We need to suggest to the forum administrator that they put a spoiler tag making shortcut at the top of the reply box like they do with the quote making shortcut or the hyperlink shortcut.

Maybe people would be more willing to use them if they were easier to implement.


----------



## Robin (Dec 6, 2001)

Excellent suggestion. I've looked for it there many times!


----------



## Fofer (Oct 29, 2000)

ferrumpneuma said:


> Spoiler
> 
> 
> 
> Soilent green is made of PEOPLE!!!!!!!!!


I know you were joking, but unlabeled spoilers? Worse than spoiled previews. I mean, if a spoiler isn't labeled, then how am I able to choose if I should be reading it or not?


----------



## scooterboy (Mar 27, 2001)

StacieH said:


> I dunno. I guess since you answered your own question, you know it all. I have seen 2 series on DVD, and to be honest, I can't remember.


It was simply a rebuttal to your claim that previews are part of the episode. They are not.



> But again, previews don't bother me IN THE LEAST. In fact, I look forward to them. I get disappointed when they AREN'T shown. I just do not see the big deal of letting a spoiler slip now and then.
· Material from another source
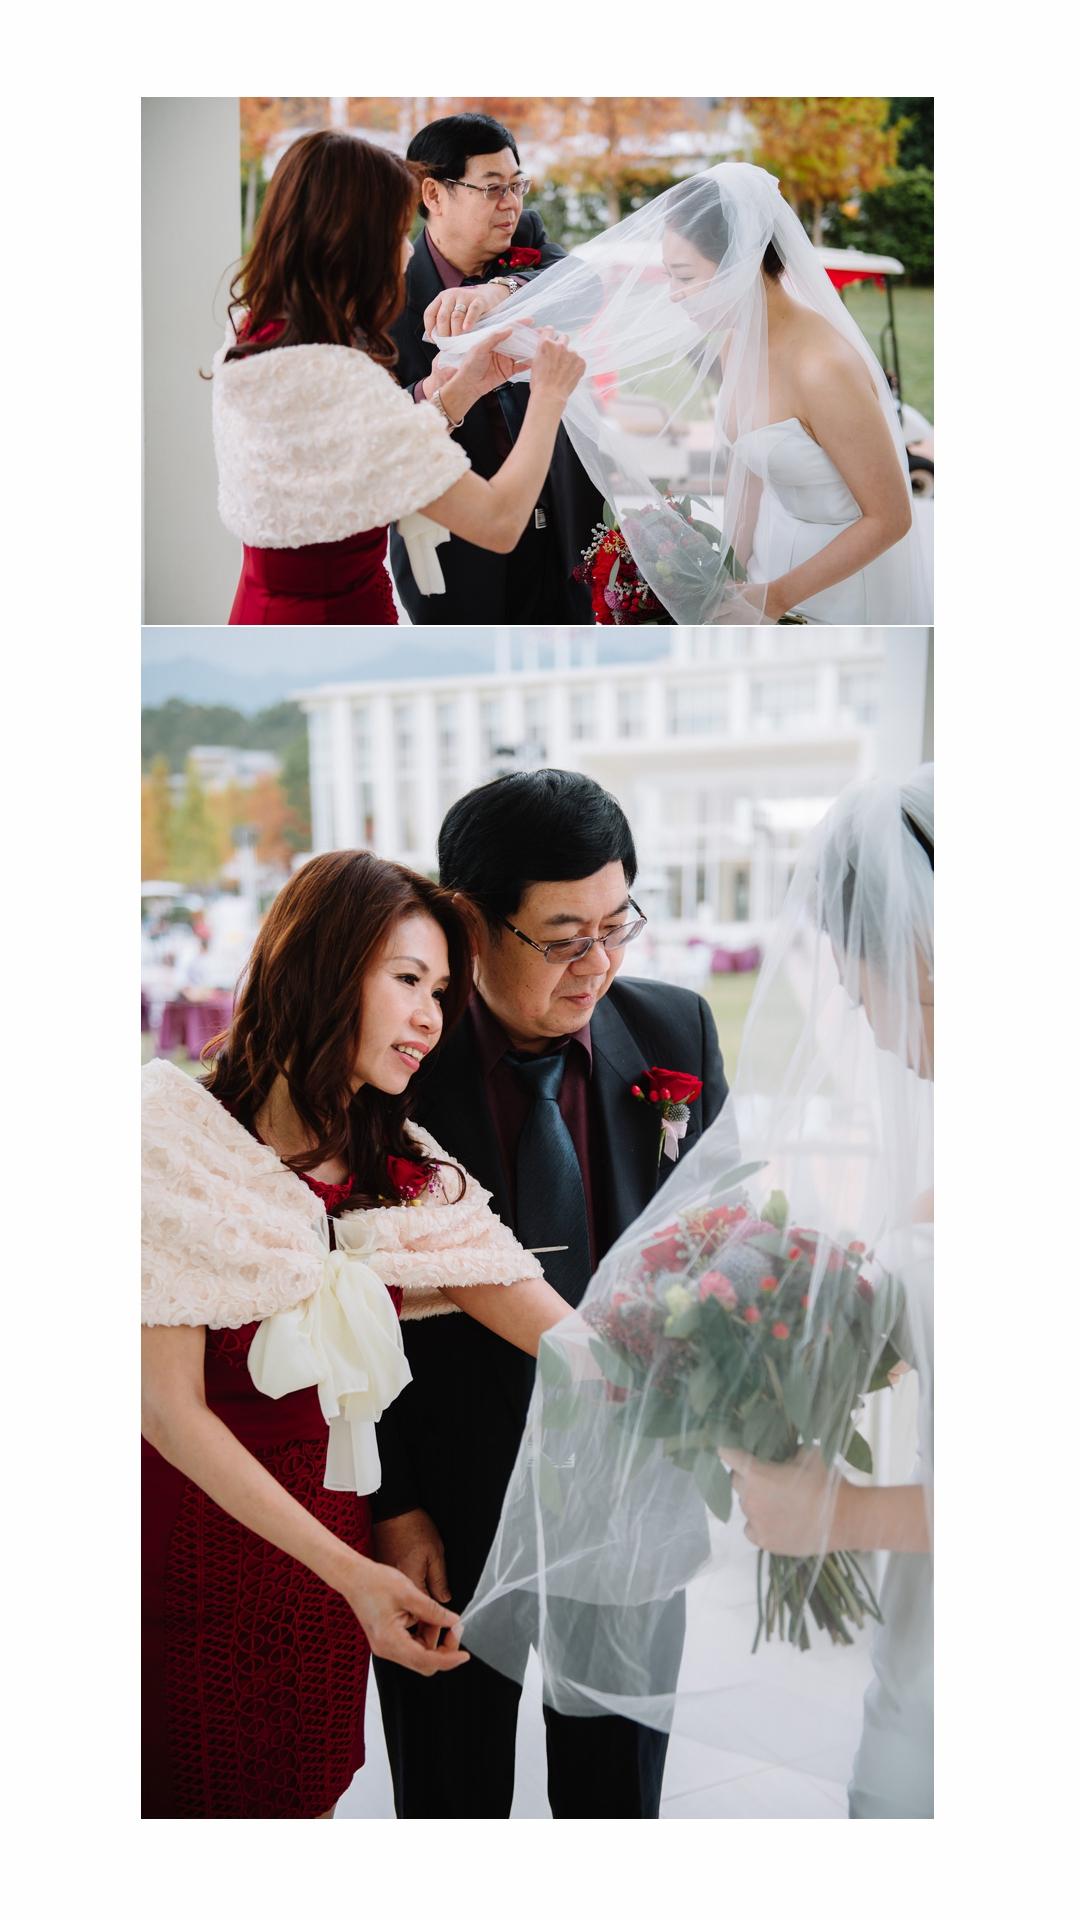 婚攝推薦,戶外婚禮,心之芳庭,心之芳庭小南法,小南法,俐茵造型

And as others have already said, therein lies the problem. Because you like to see the previews, you can't understand why others don't or why it is a big deal for others to not be spoiled by them (even "now and then"). Some like to be *totally* surprised when watching the next episode and prefer to know *nothing* about it. Even 8 seconds worth. Even if that 8 seconds is totally misleading. You don't feel that way, but why can't you respect that some other people do?

I recently complained about a spoiler where someone (I think) simply posted their comment in the wrong episode thread. And it's actually not that important to me to avoid spoilers. But I was thinking of the others to whom it is more important. I was hoping the person would say "oops" and remove it. But he didn't even acknowledge that it was a faux pas - he simply defended his post by saying it wasn't a "plot spoiler". 

Like macplanterguy said, it really baffles me how some of the otherwise logical people here have this blind spot.


----------



## Jonathan_S (Oct 23, 2001)

scooterboy said:


> And as others have already said, therein lies the problem. Because you like to see the previews, you can't understand why others don't or why it is a big deal for others to not be spoiled by them (even "now and then"). Some like to be *totally* surprised when watching the next episode and prefer to know *nothing* about it. Even 8 seconds worth. Even if that 8 seconds is totally misleading.


I think murgatroyd did a nice job of explaining why some people prefer to watch totally unspoiler in this post.

I know I have a bit of the same issue with spoilers. They cause me to watch the episode always wondering when that scene or line is going to pop up.
In my personal opinion watching a show w/ spoilers (be they from a preview or some other source) is less enjoyable that either watching for the 1st time or watching a 2nd time.

In the first watch situation if I am guessing where the stories going, it's only with the information the writer wanted me to have.

In the rewatch situation I know the whole plot, but now I can appreciate any red herring, or foreshadowing, or just character development I missed.

But in the spoiled situation I don't have either of those, and I can't help over-focusing on _how_ the spoiler will fit in and it's just less enjoyable for me that way.


----------



## murgatroyd (Jan 6, 2002)

Jonathan_S said:


> In the first watch situation if I am guessing where the stories going, it's only with the information the writer wanted me to have.


Exactly. I want the creative people, and not the marketing department, to be in control of the way the story is revealed to me.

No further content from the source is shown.